▶ [Data supplied]:
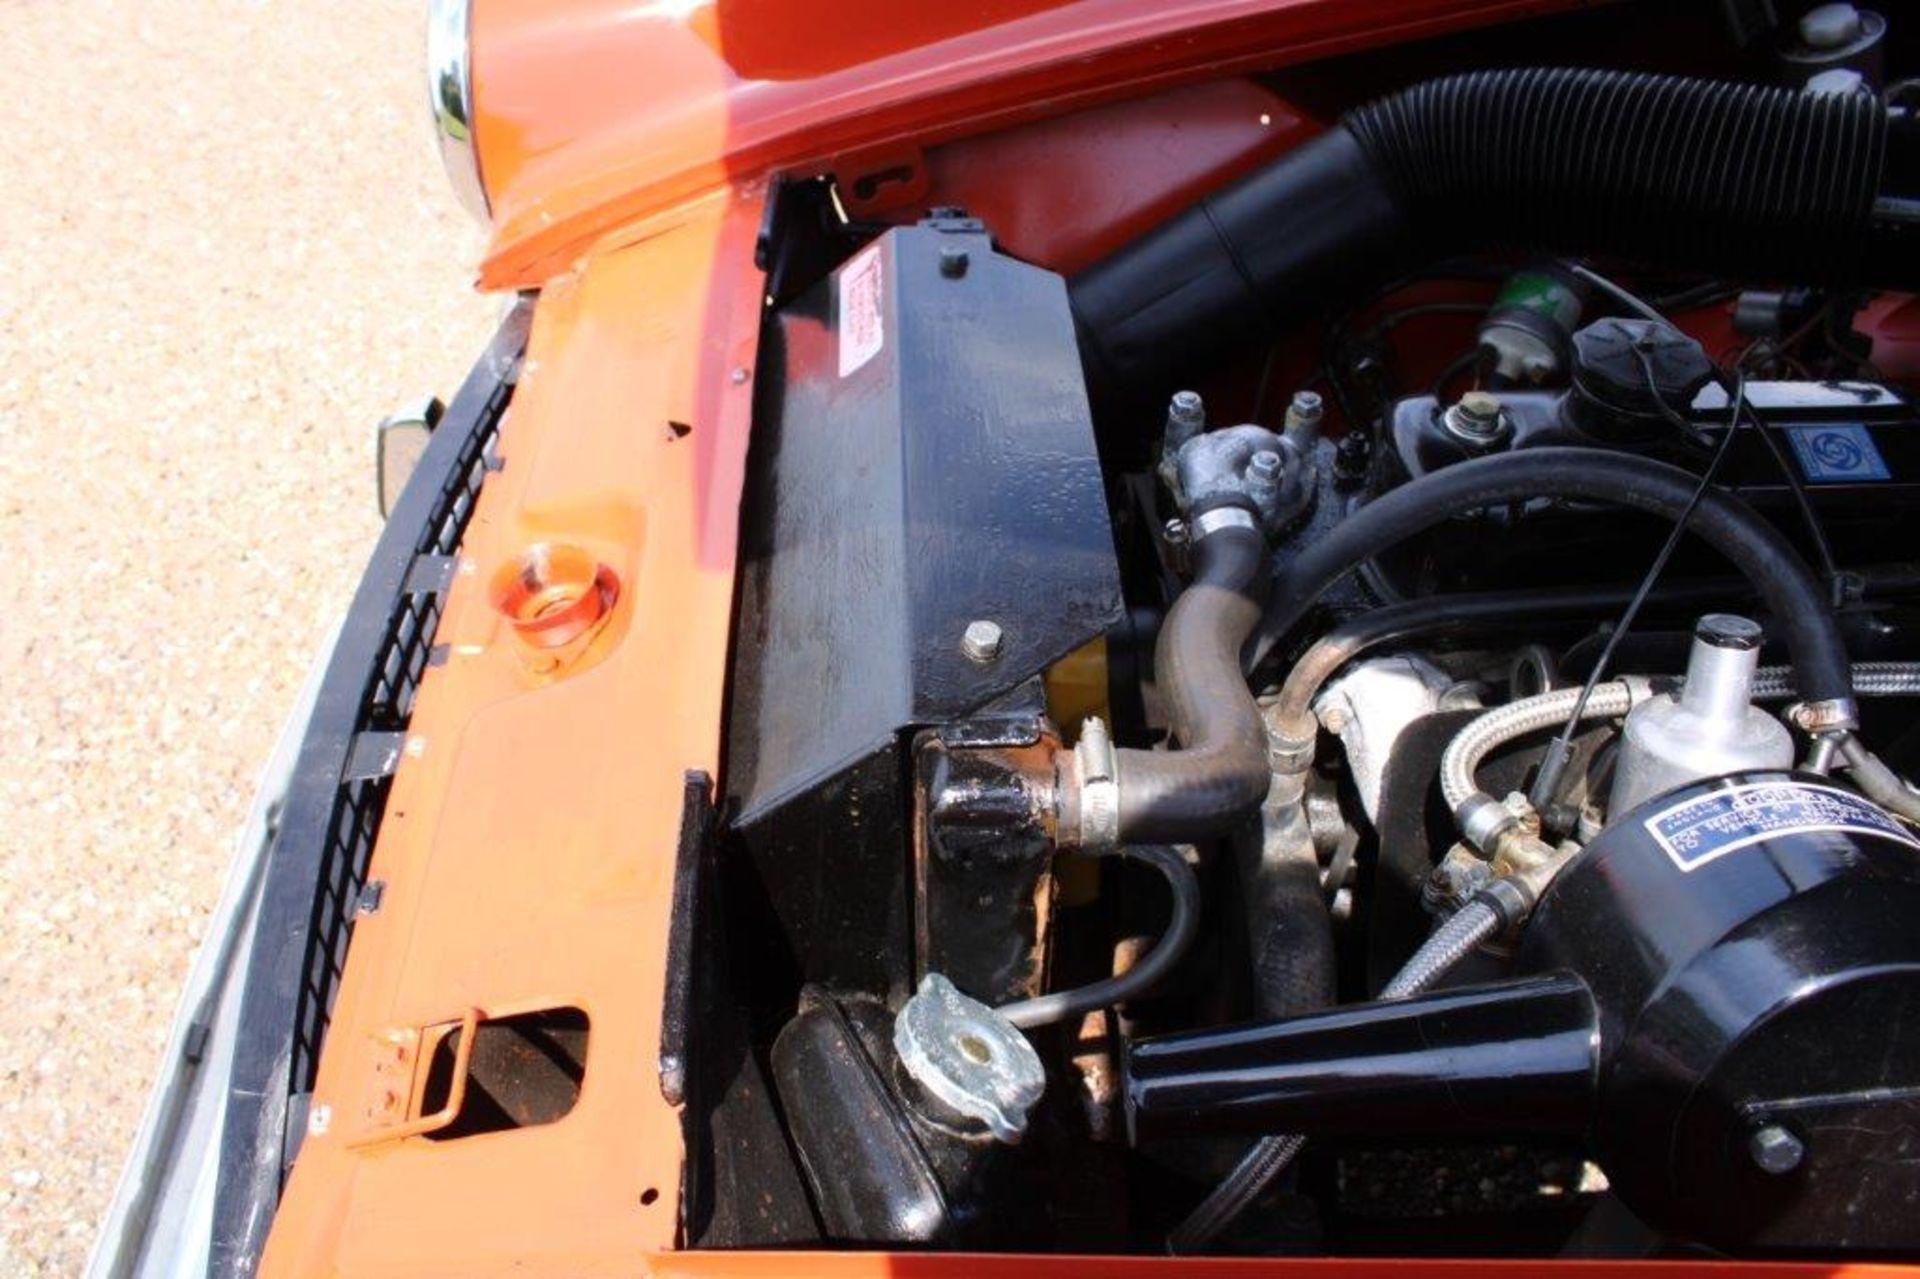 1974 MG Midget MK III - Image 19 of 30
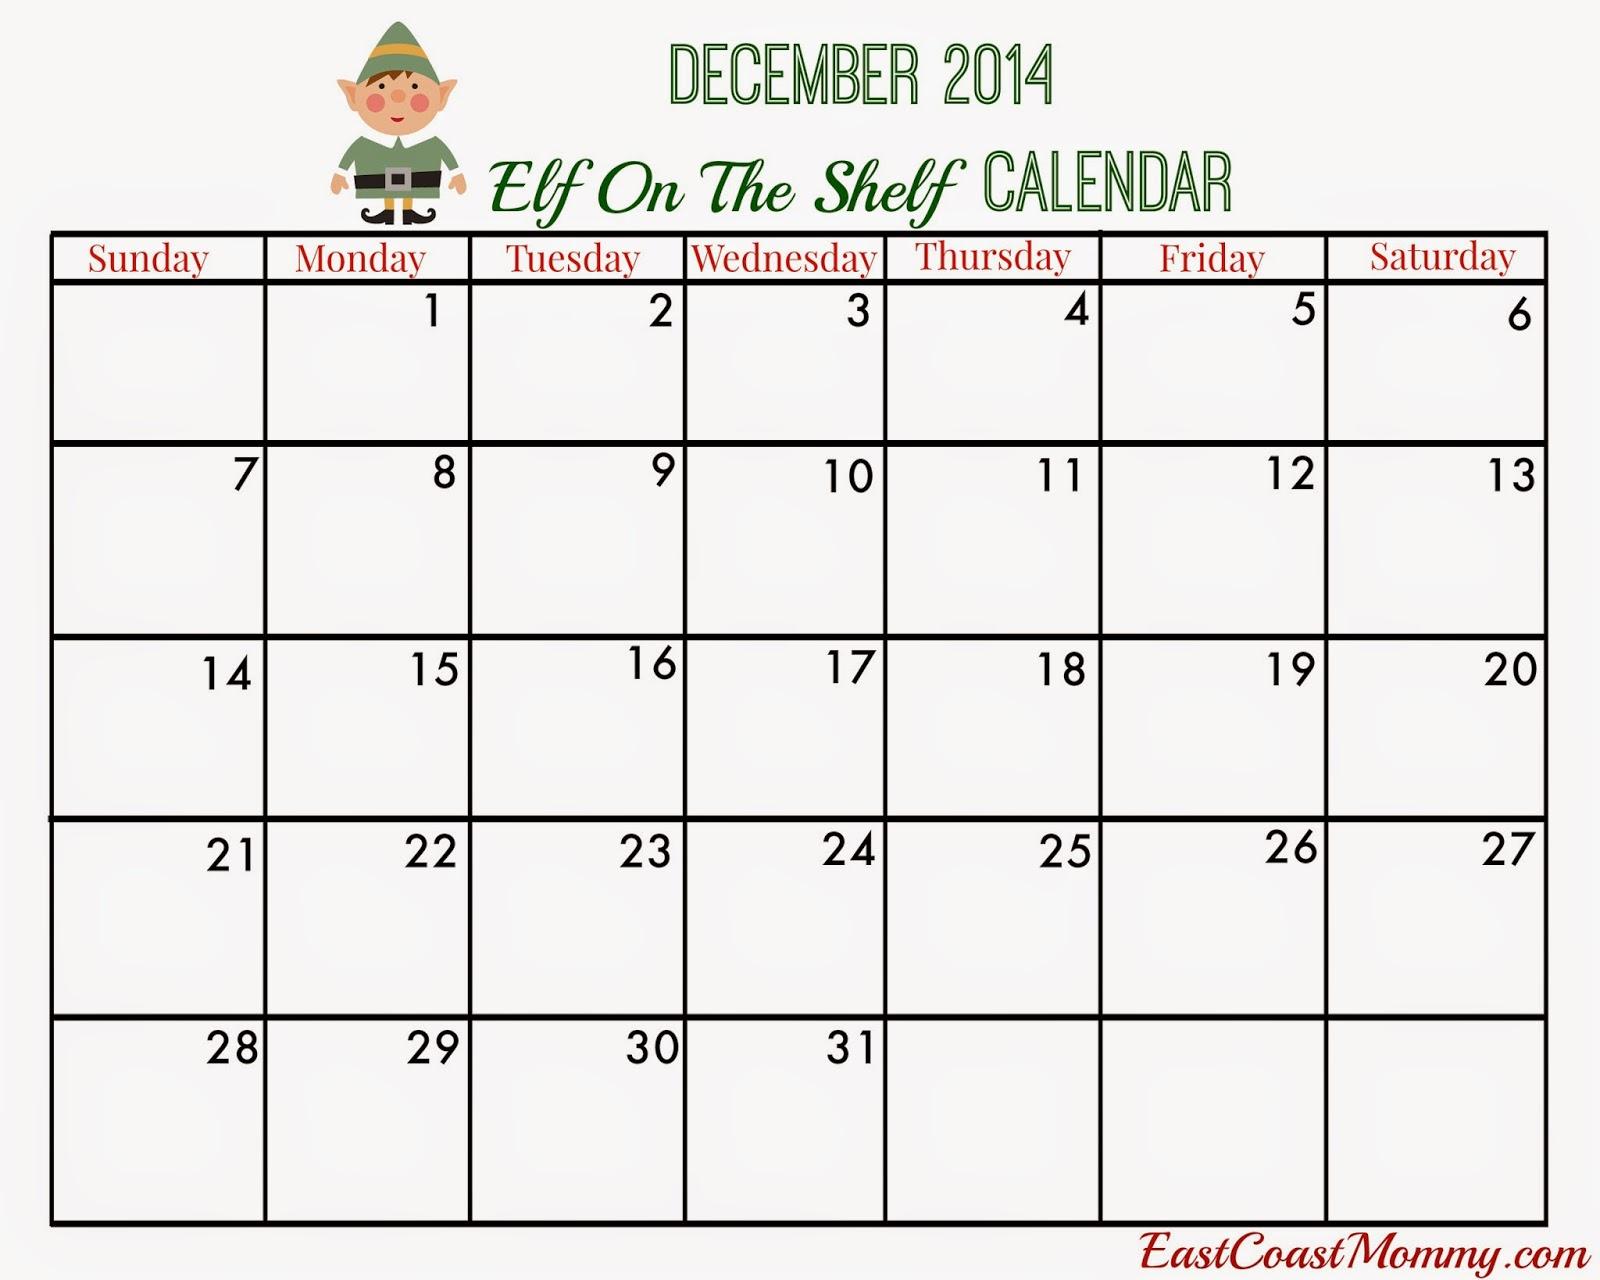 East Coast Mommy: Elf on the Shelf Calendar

==

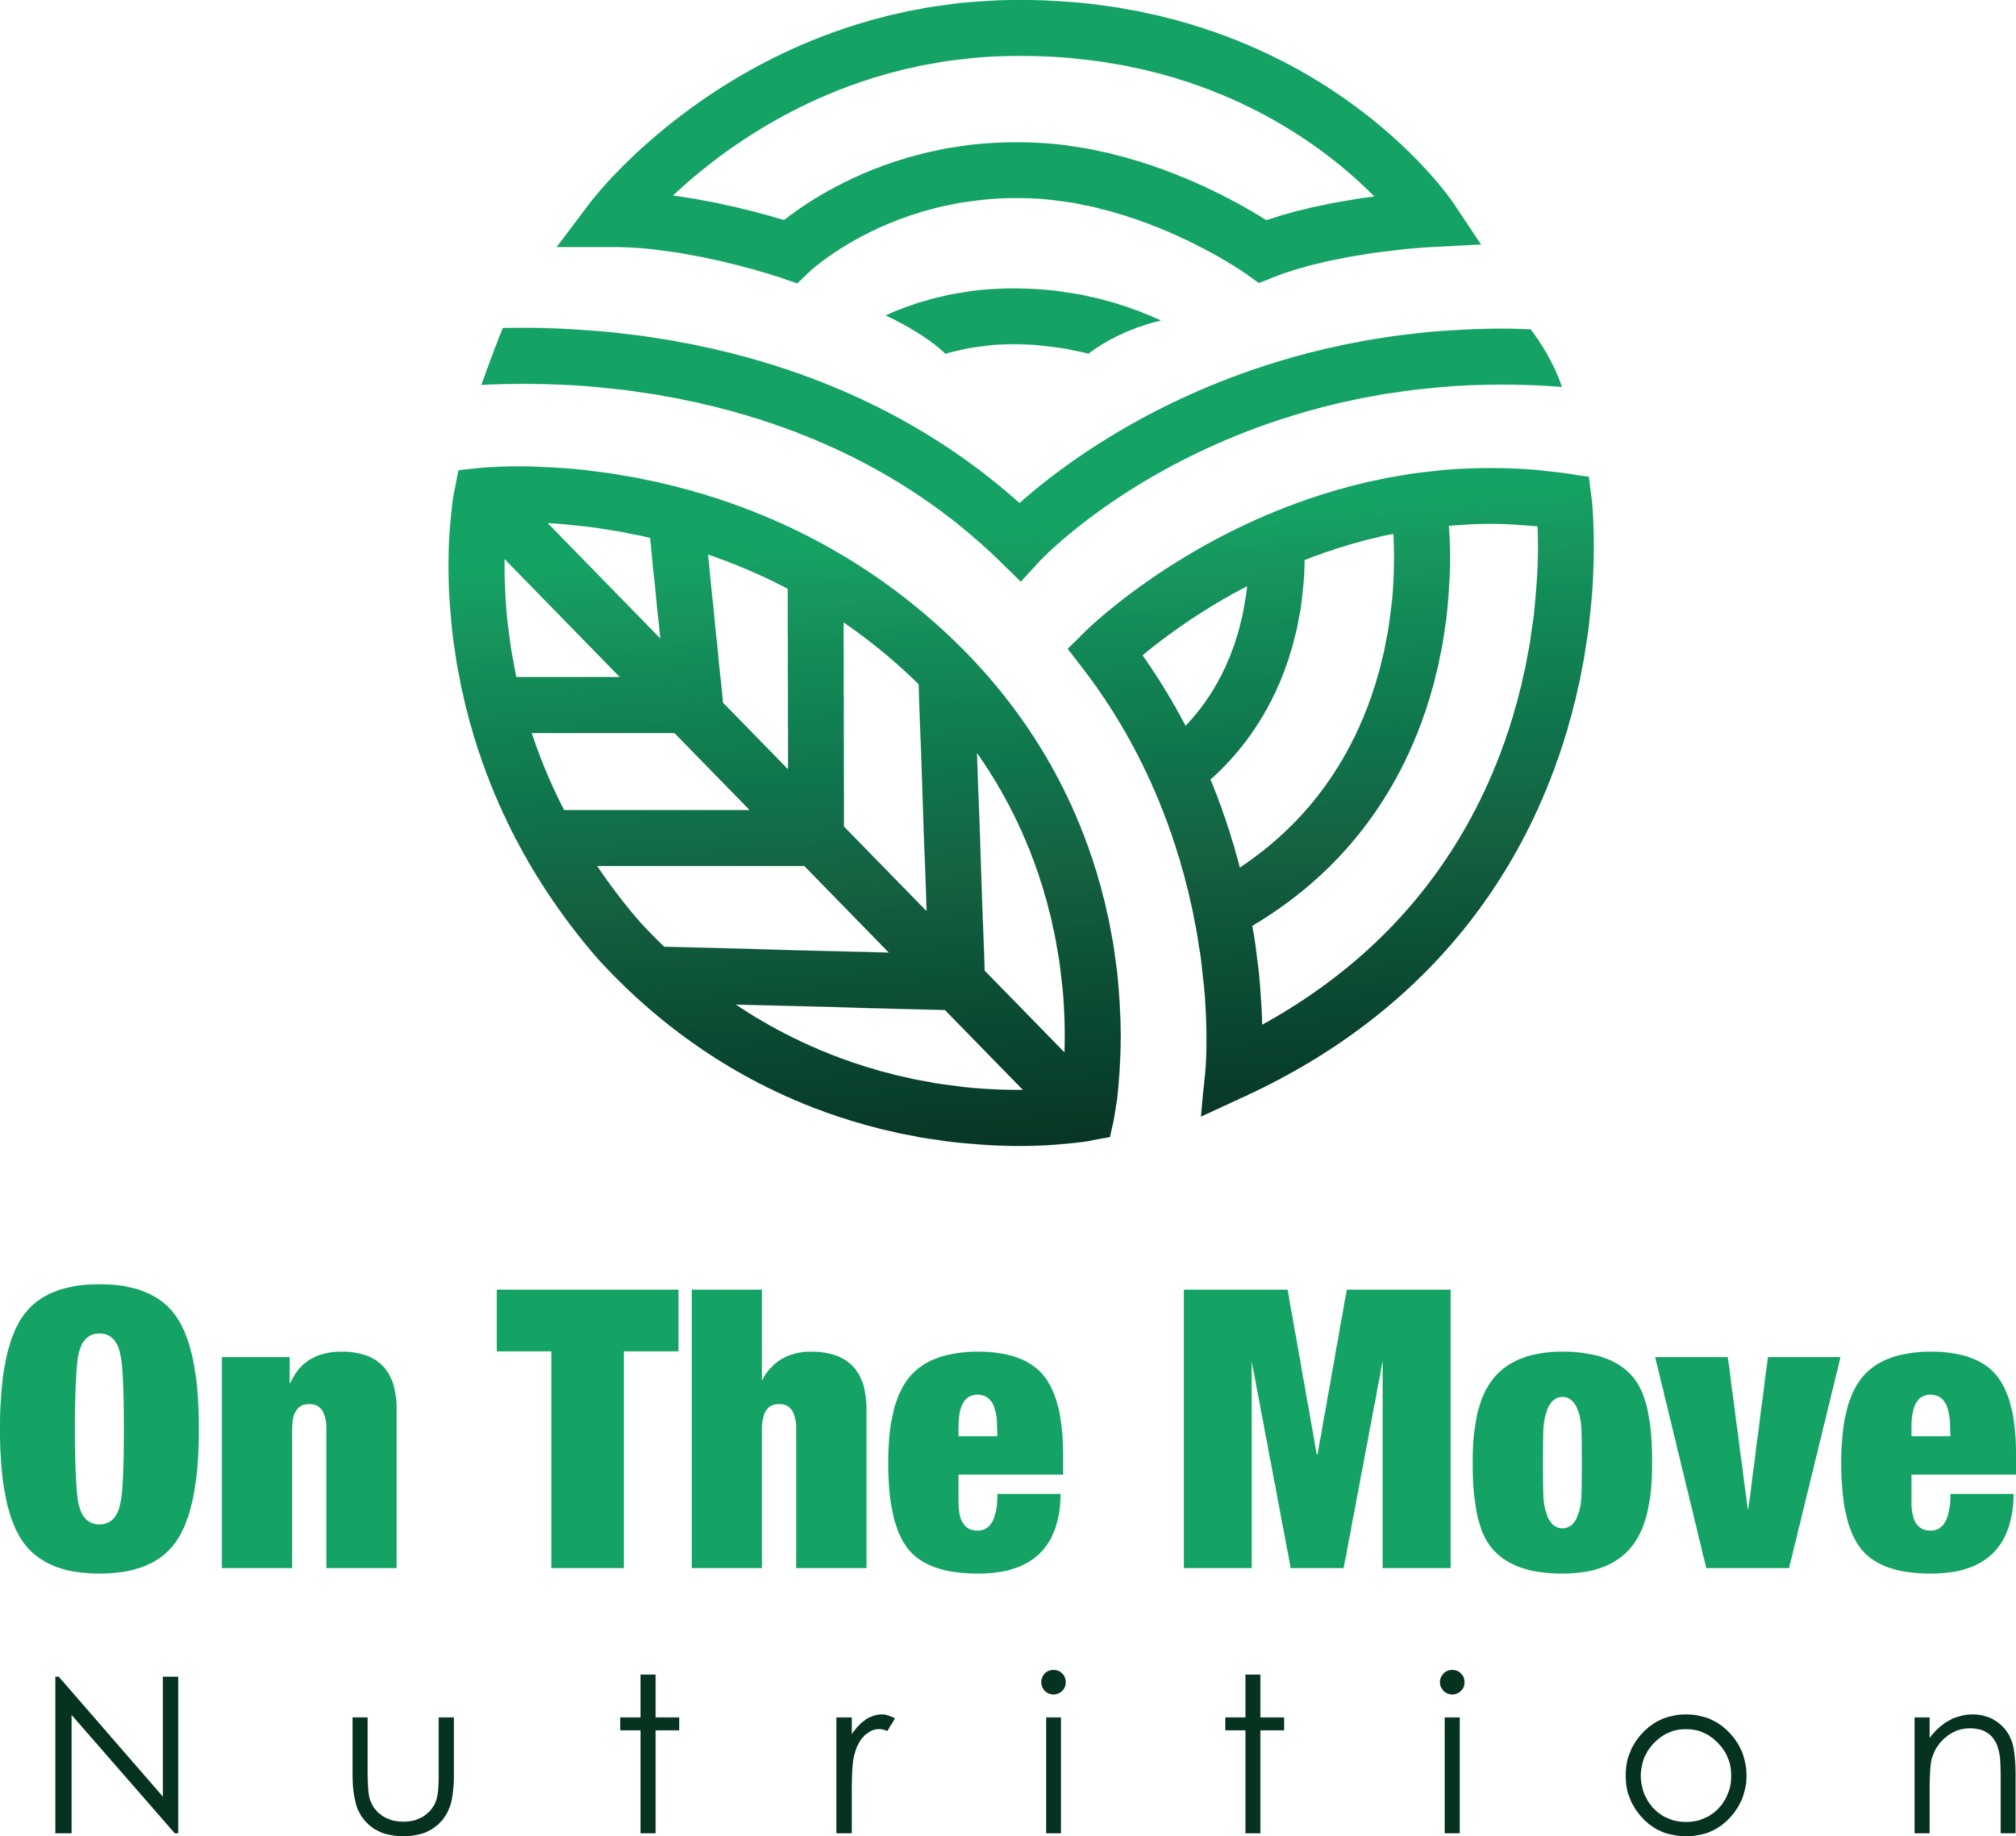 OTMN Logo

▶ [Exercise objective]: Look through the material above. Transcribe exactly the lines between the ones with "1974 MG Midget MK III - Image 19 of 30" and "East Coast Mommy: Elf on the Shelf Calendar", inclusive, and keep pictures out.

▶ [The answer]:
 1974 MG Midget MK III - Image 19 of 30
 East Coast Mommy: Elf on the Shelf Calendar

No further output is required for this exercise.